:: LISTED RECORDS ::
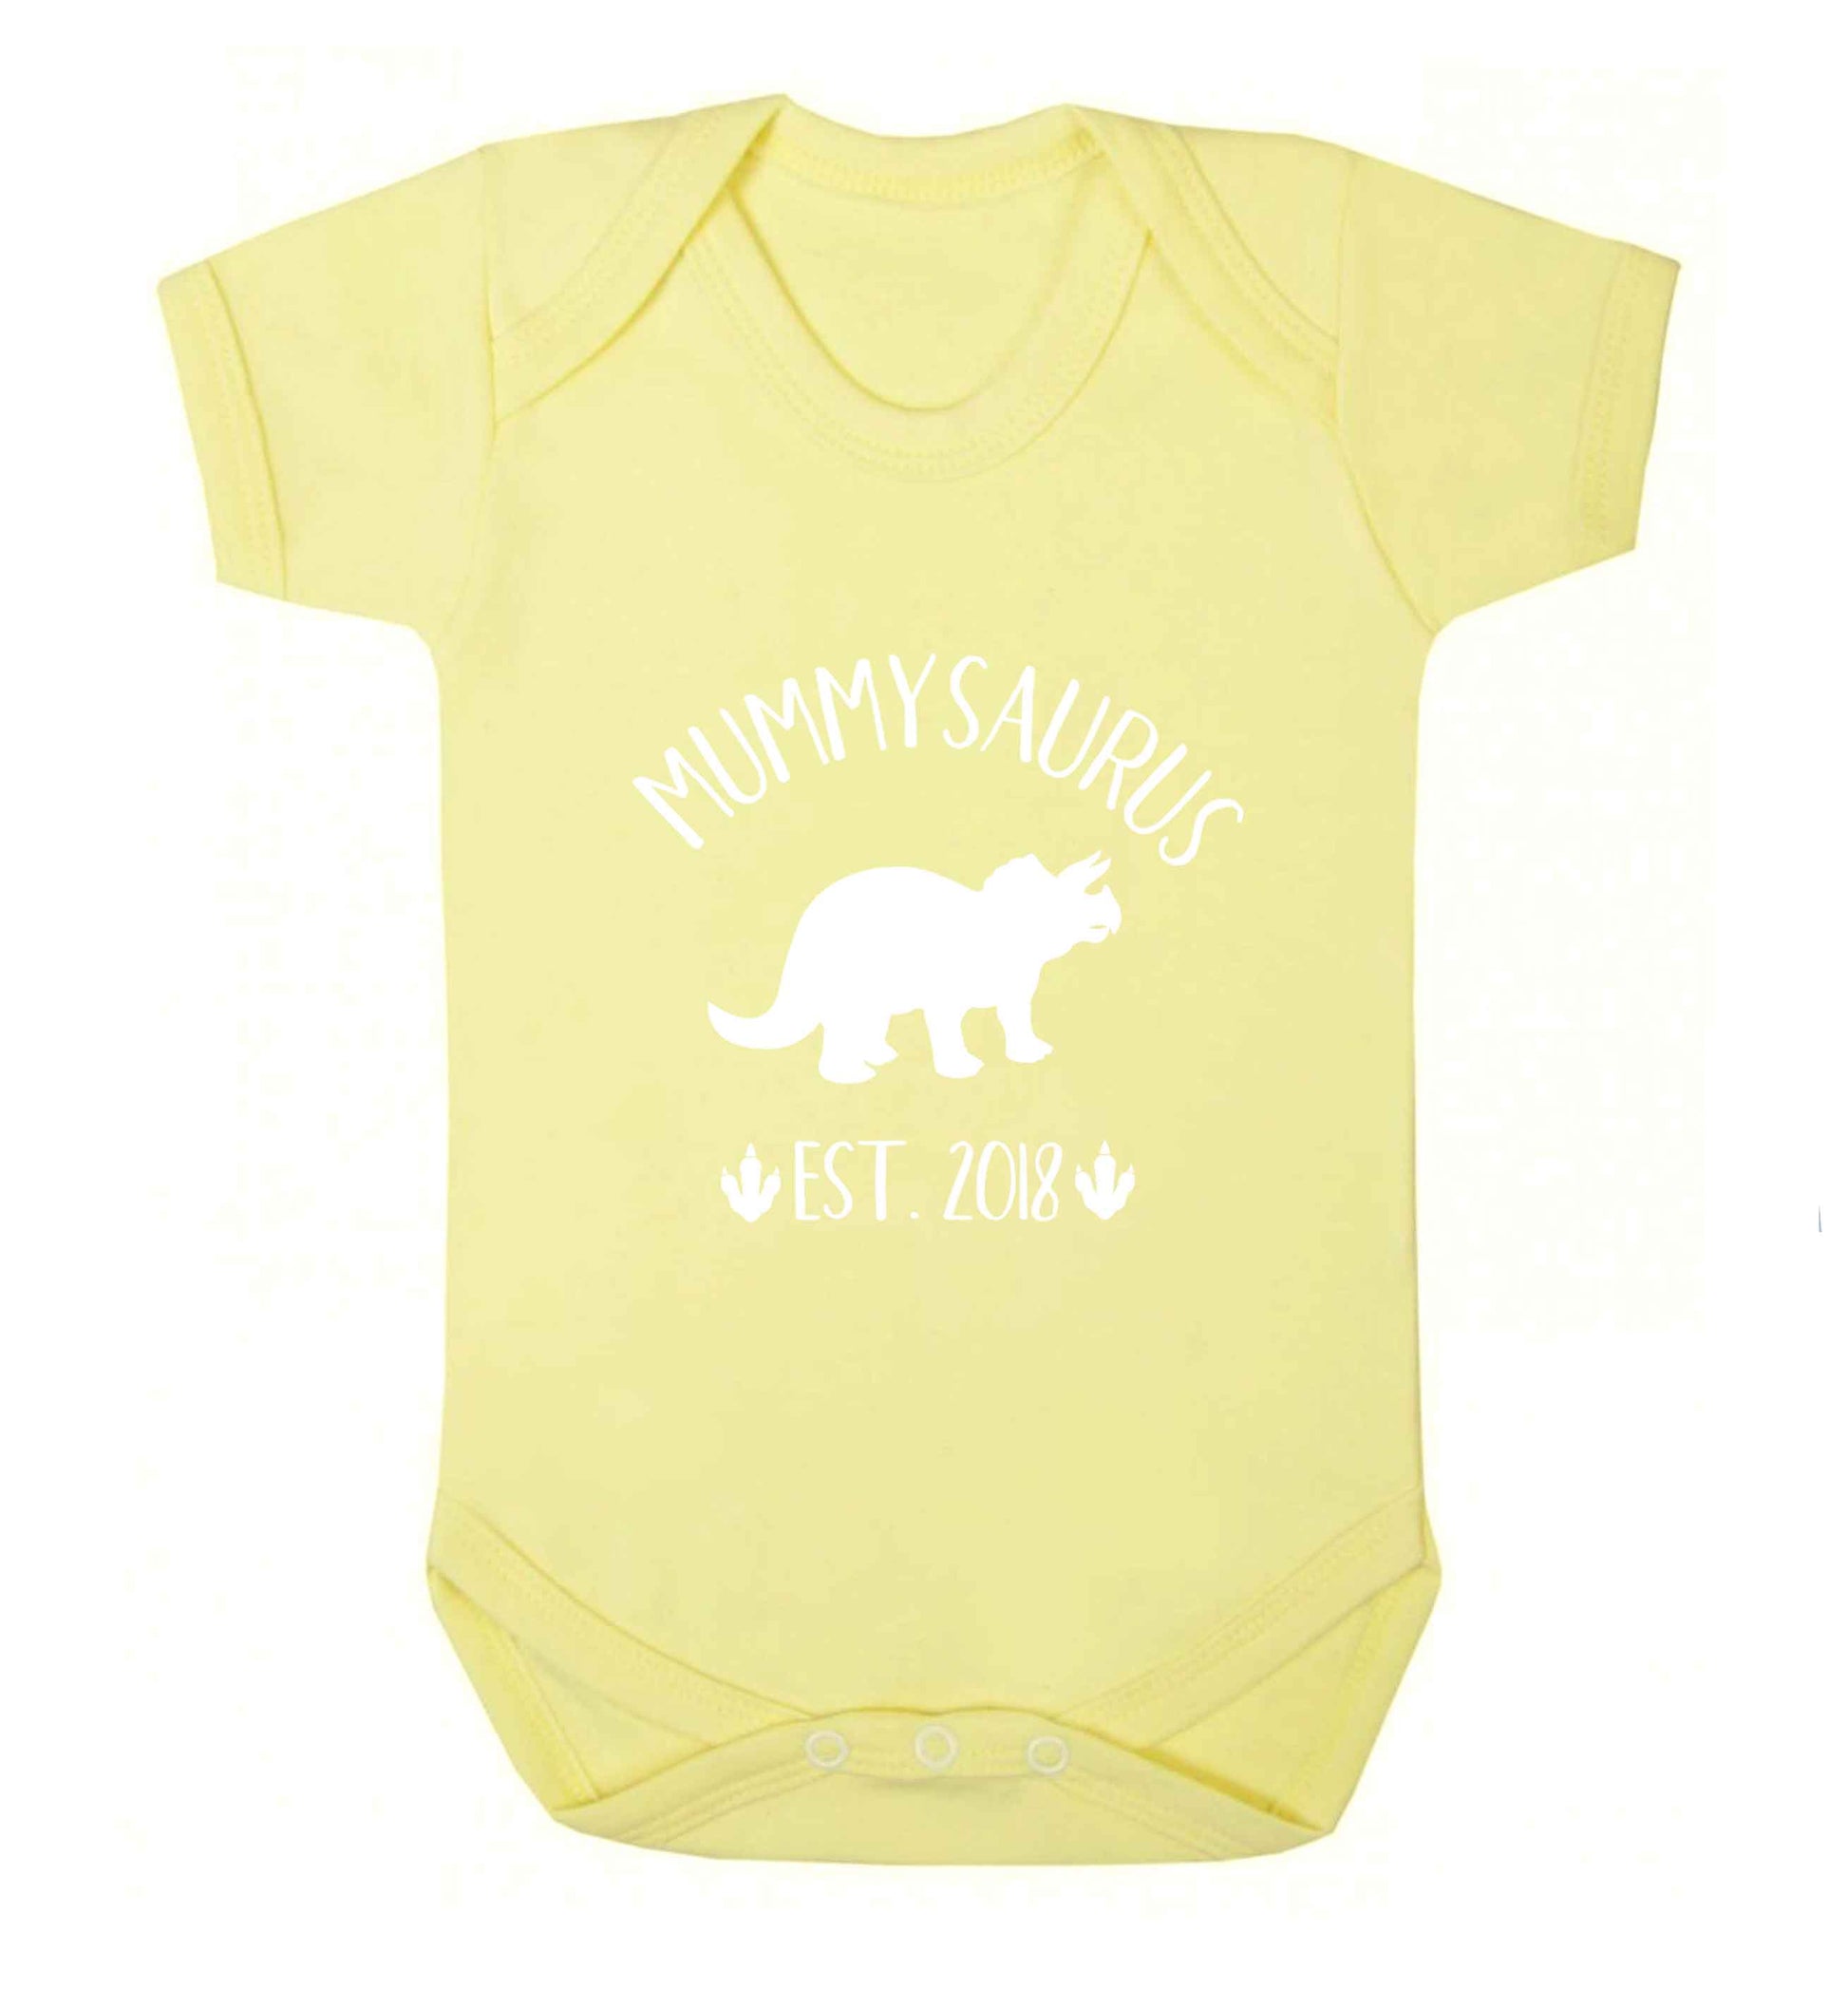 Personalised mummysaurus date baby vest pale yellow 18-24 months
---
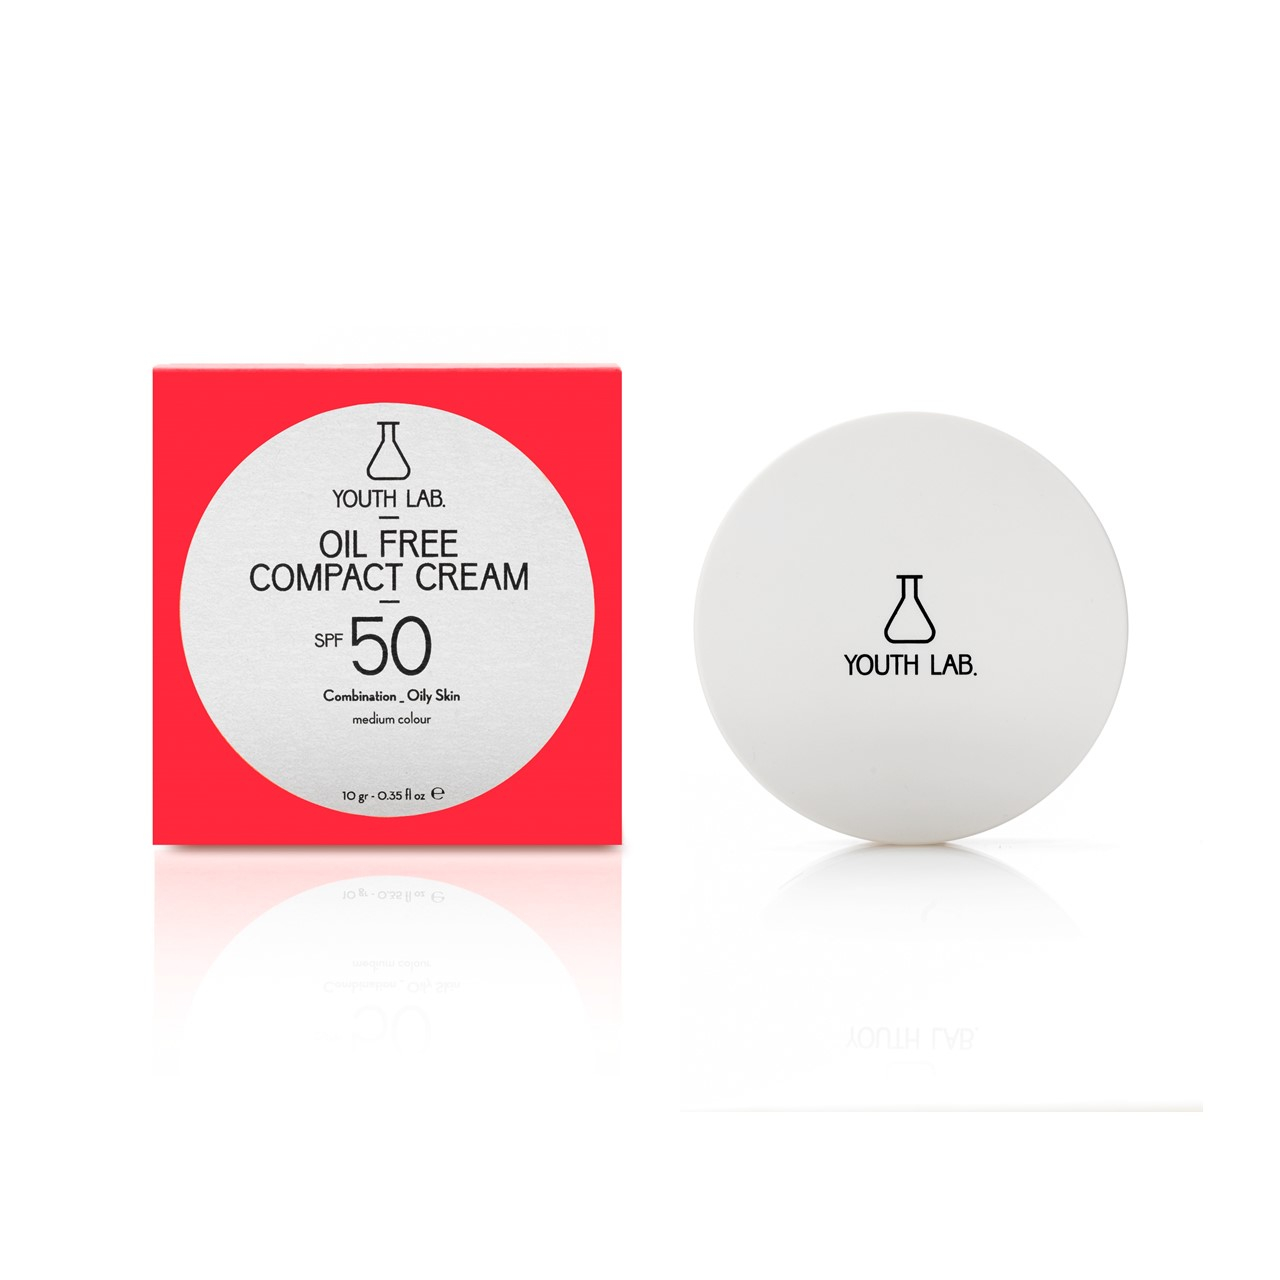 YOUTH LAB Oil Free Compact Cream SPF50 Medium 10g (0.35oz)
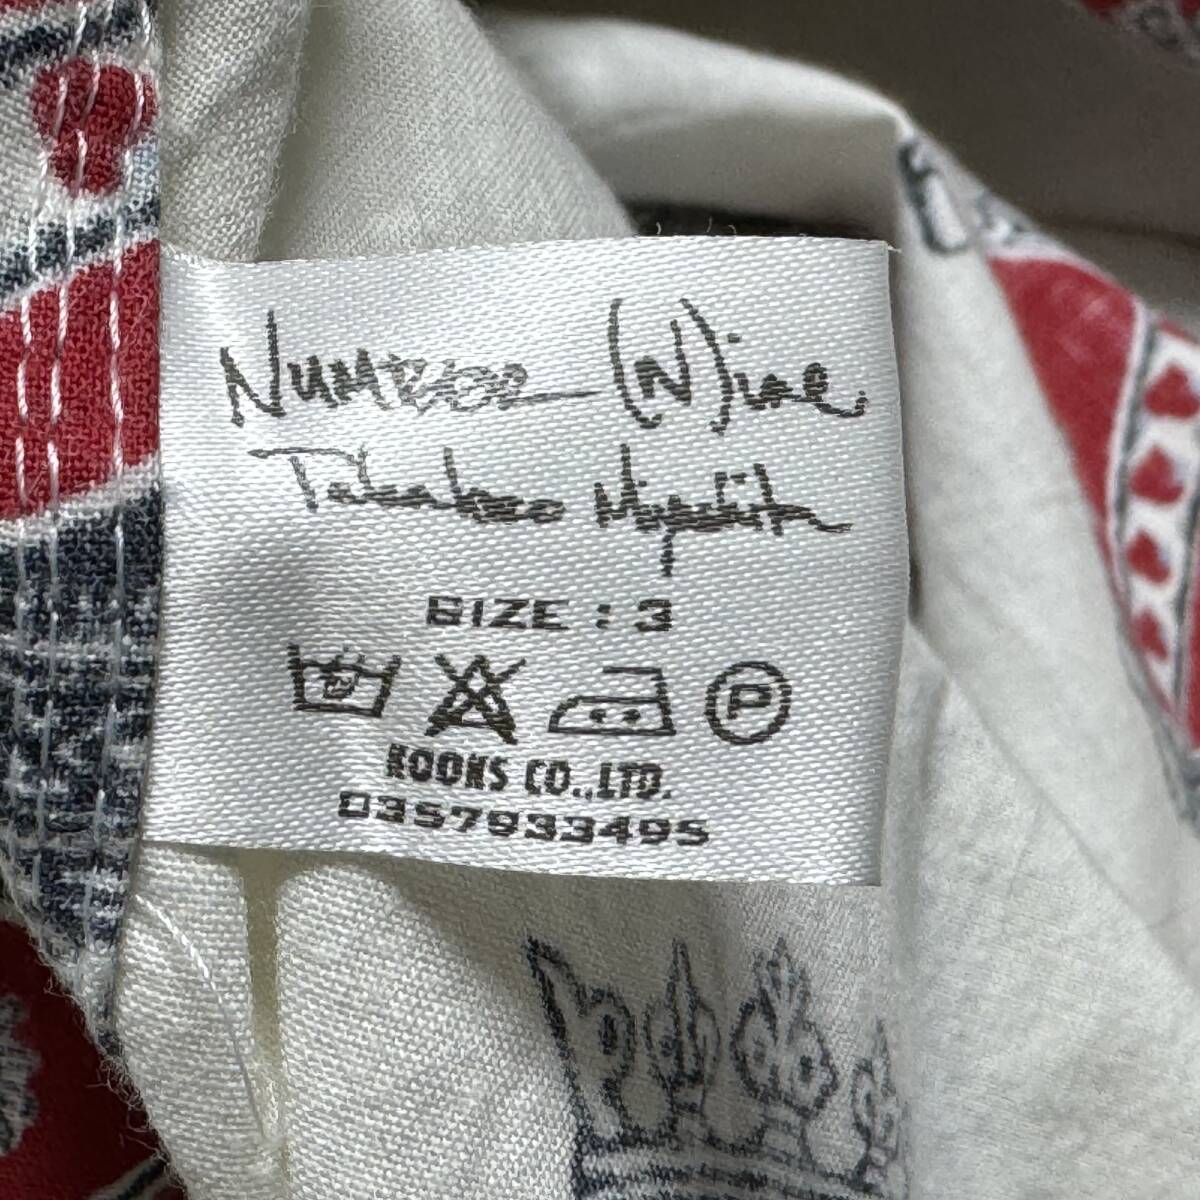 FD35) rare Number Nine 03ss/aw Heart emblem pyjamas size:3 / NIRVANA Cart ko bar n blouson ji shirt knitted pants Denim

:: ASSIGNMENT ::
Given the listing above, retype only the span of lines from the line with "YOUTH LAB Oil" up to and including the line with "FD35) rare Number", exactly as it stands and without pictures.

:: ANSWER FOR THE TASK ::
 YOUTH LAB Oil Free Compact Cream SPF50 Medium 10g (0.35oz)
 FD35) rare Number Nine 03ss/aw Heart emblem pyjamas size:3 / NIRVANA Cart ko bar n blouson ji shirt knitted pants Denim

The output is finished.